The Kagonesti warriors remained silent, but uneasy glances flickered among the tribe. None of them was prepared to believe the word of a savage human, but neither did any of the elves have personal knowledge of the southern forests. Not since the Kinslayer War had any of the wild elves dwelled there, and that was a thousand years in the past.
"It's not a surprise, I guess, that the lizardmen should have found you down here." The human rambled on with a garrulousness that rendered meditative discourse practically impossible. Ashtaway, however, was curious to hear what the man would say.
"The Dark Queen's armies are starting a big push to the west this year. By high summer, there'll be battles waged from here to Palanthas, if she has her way. It's only natural that she send some of her lizards into the forest, looking for a way around the knights."
"I first observed you with a small company of knights. Did you then seek to block this maneuver?" Ash asked. He began to wonder if, behind the knight's undeniable courage, there lurked the mind of a mad fool. His force of two dozen men seemed far too small to accomplish such a bold mission.
"We were not here as an army, either of invasion or defense," the knight assured him. "Our primary task was to explore the valleys in the foothills, to seek a route into the mountains."
"Not to defend Palanthas?" Ashtaway tried to picture a reason for the human's strategy.
"No, but, perhaps, to make the Queen's attack against Palanthas less successful. Takhisis, you see, has sent practically all of her dragons with the strike force of her armies. They make a formidable force, and we know their target is, eventually, Palanthas."
"Then the war may indeed be approaching its end," declared Faltath. His tone made it clear that he viewed the defeat of the knights as a thing of precious little consequence to himself or the tribe.
Once
again, Ash found himself disagreeing with his lifelong friend. The prospect of dragons soaring over the woodland, of bakali legions roaming and plundering wherever they wanted to go, seemed like a chilling legacy for the years of his children and grandchildren-and then, with a cold shiver, he again felt the weight of the Ram's Horn. There would be no children for him.
"Don't hold a victory celebration for the Dark Queen. Not yet!" snapped the knight, with appalling rudeness. Faltath flushed, but Sir Kamford continued speaking without a pause. "There's hope for the knights in several straws, slender though they may be."
"Do you speak of ways to defeat the Dark Queen and her dragons?" wondered Ashtaway. Often he had remembered the savagery of the dragons he'd seen. An army of the creatures seemed almost incomprehensibly powerful.

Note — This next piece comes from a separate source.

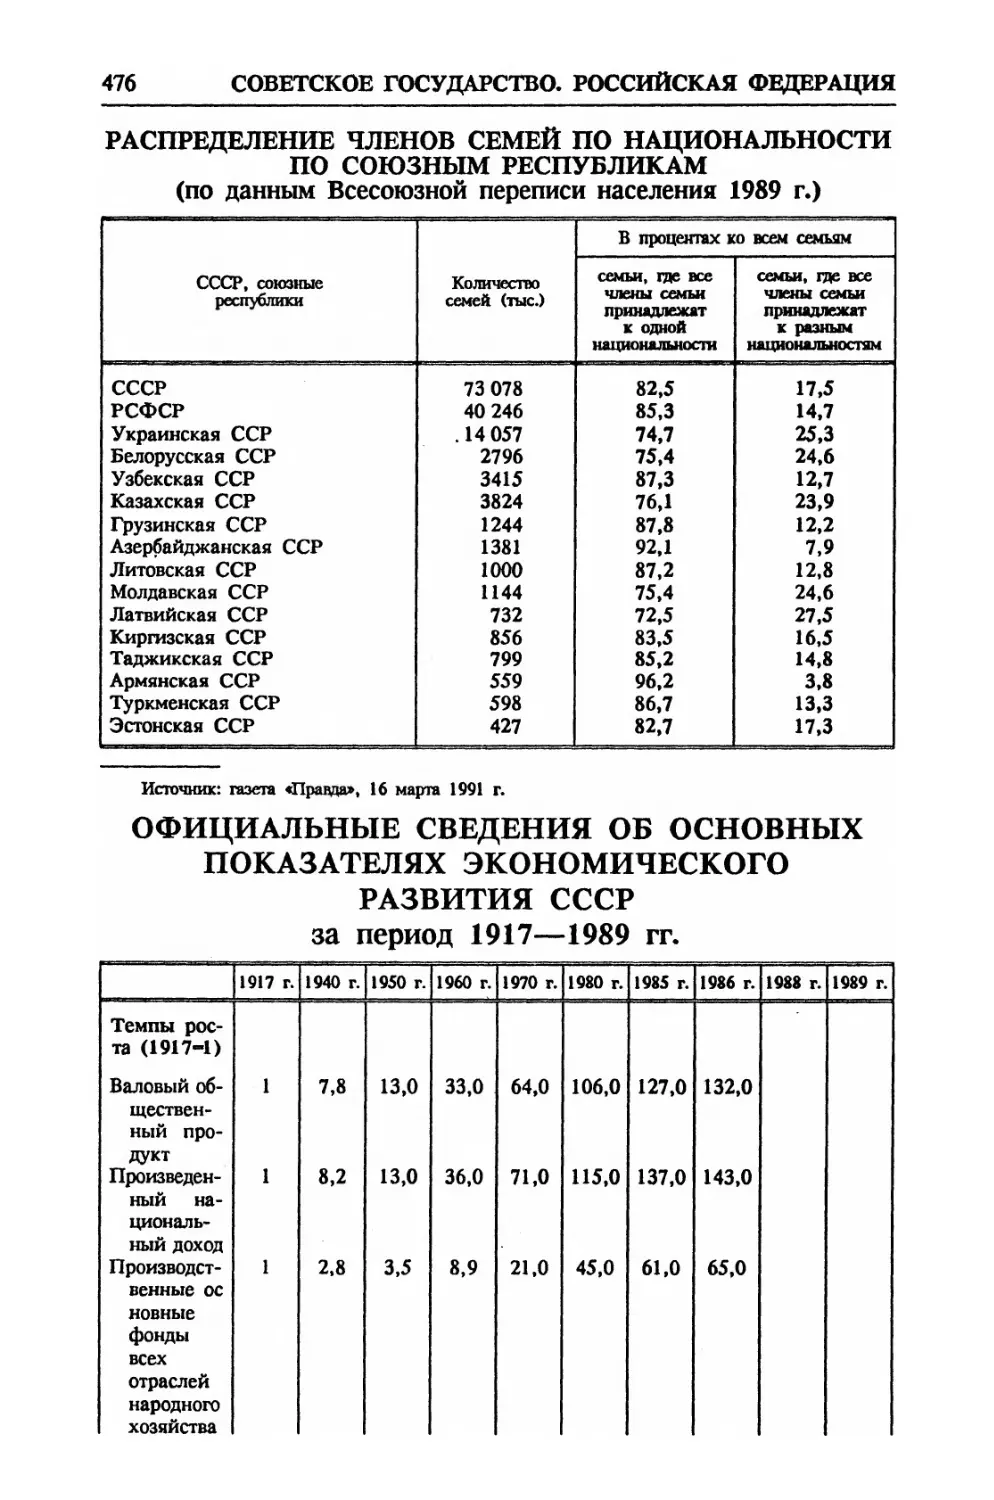 Официальные сведения об основных показателях экономического развития СССР за период 1917—1989 гг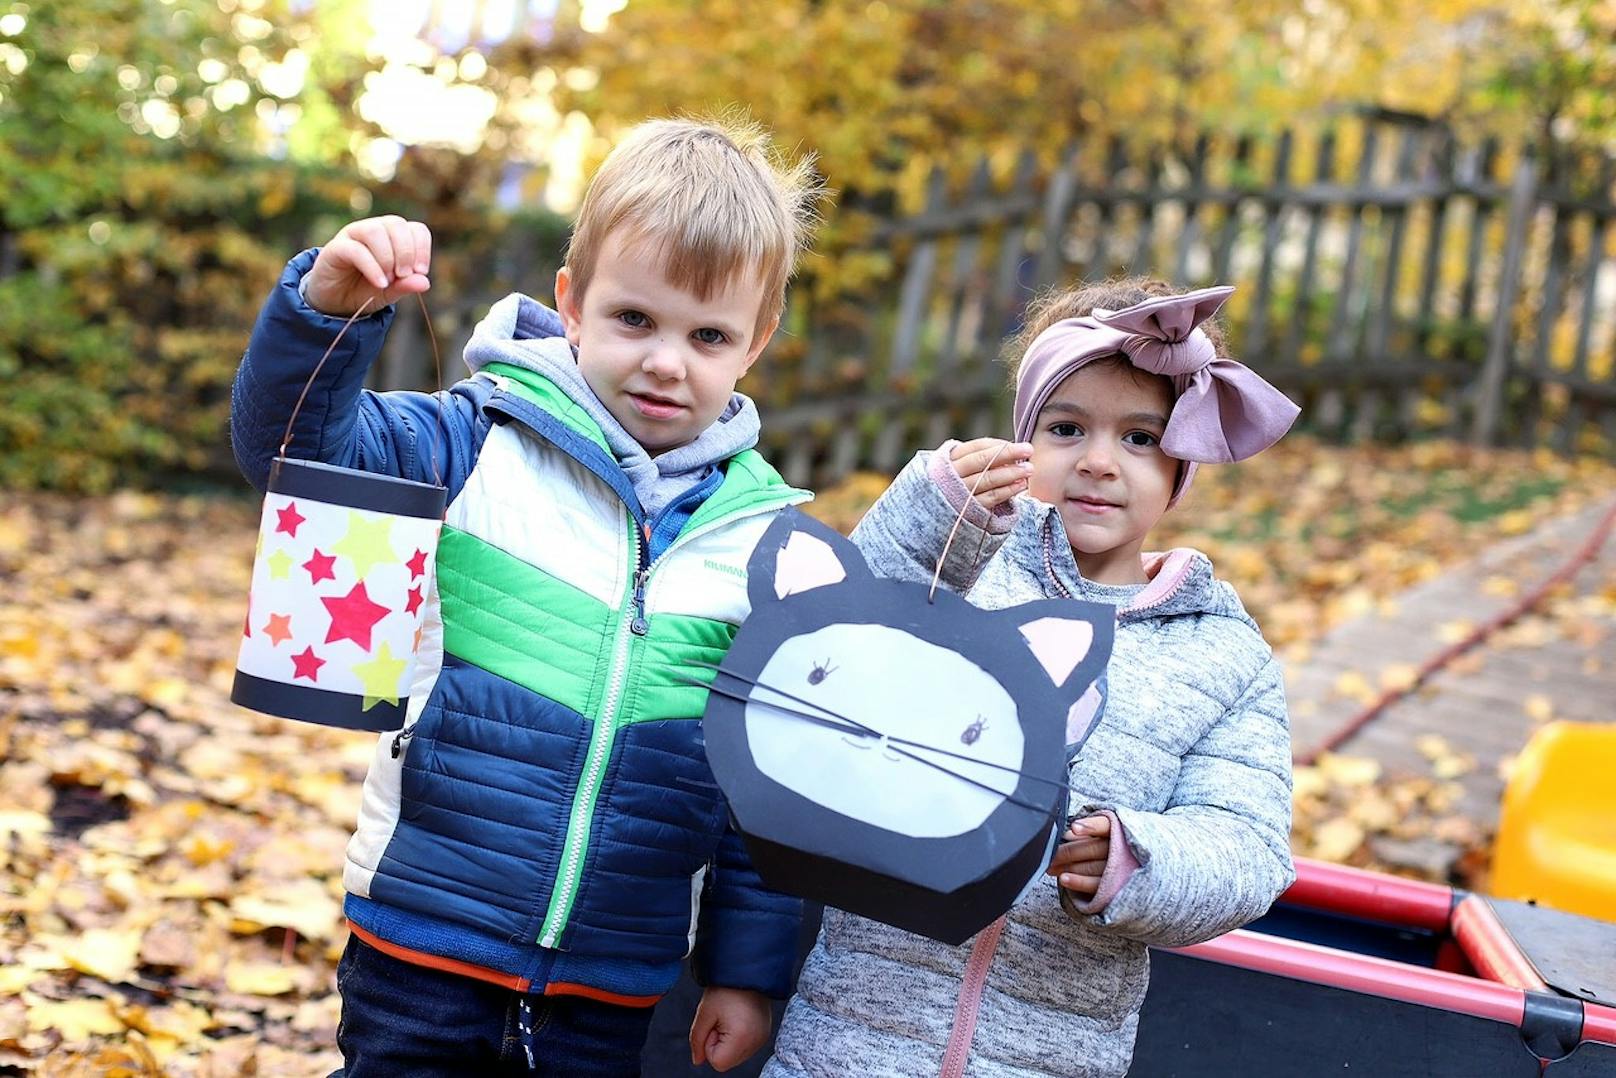 Um den Kindern Normalität und Kontinuität zu bieten, wird auch heuer in den Wiener Kindergärten das Laternenfest gefeiert. Dafür wurde in den vergangenen Wochen fleißig gebastelt.

"It's not so unthinkable," the man replied. "There are, after all, dragons who fight as our allies. The golds and silvers make a formidable armada when they take to the skies, and thus the Dark Queen needs always to guard against a surprise attack against Sanction, where lies the root of her strength."
The young Pathfinder remembered Lectral saying much the same thing. "Then why not strike at Sanction from the plains, where your army is?" Ashtaway asked.
"Because the queen's armies-and her dragons-block our passage across those plains," Sir Kamford said grimly. "We couldn't attack from there until we defeat those armies. And unless we can burn the depots of Sanction she'll be able to keep her army in the field for ten more years!"
"I have seen Sanction, from a distance," the young Pathfinder noted. "There seemed ever to be a black, angry cloud about the place-it seems a fitting abode for the Queen of Darkness."
The knight chuckled, and even Ashtaway was set aback by the man's lack of manners. Suppressing his own temper, aware of the other warriors' displeasure behind their stoic expressions, Ash forced himself to remember that Sir Kamford was a stranger to proper society-indeed, there seemed to be no rudeness intended in his expression of humor.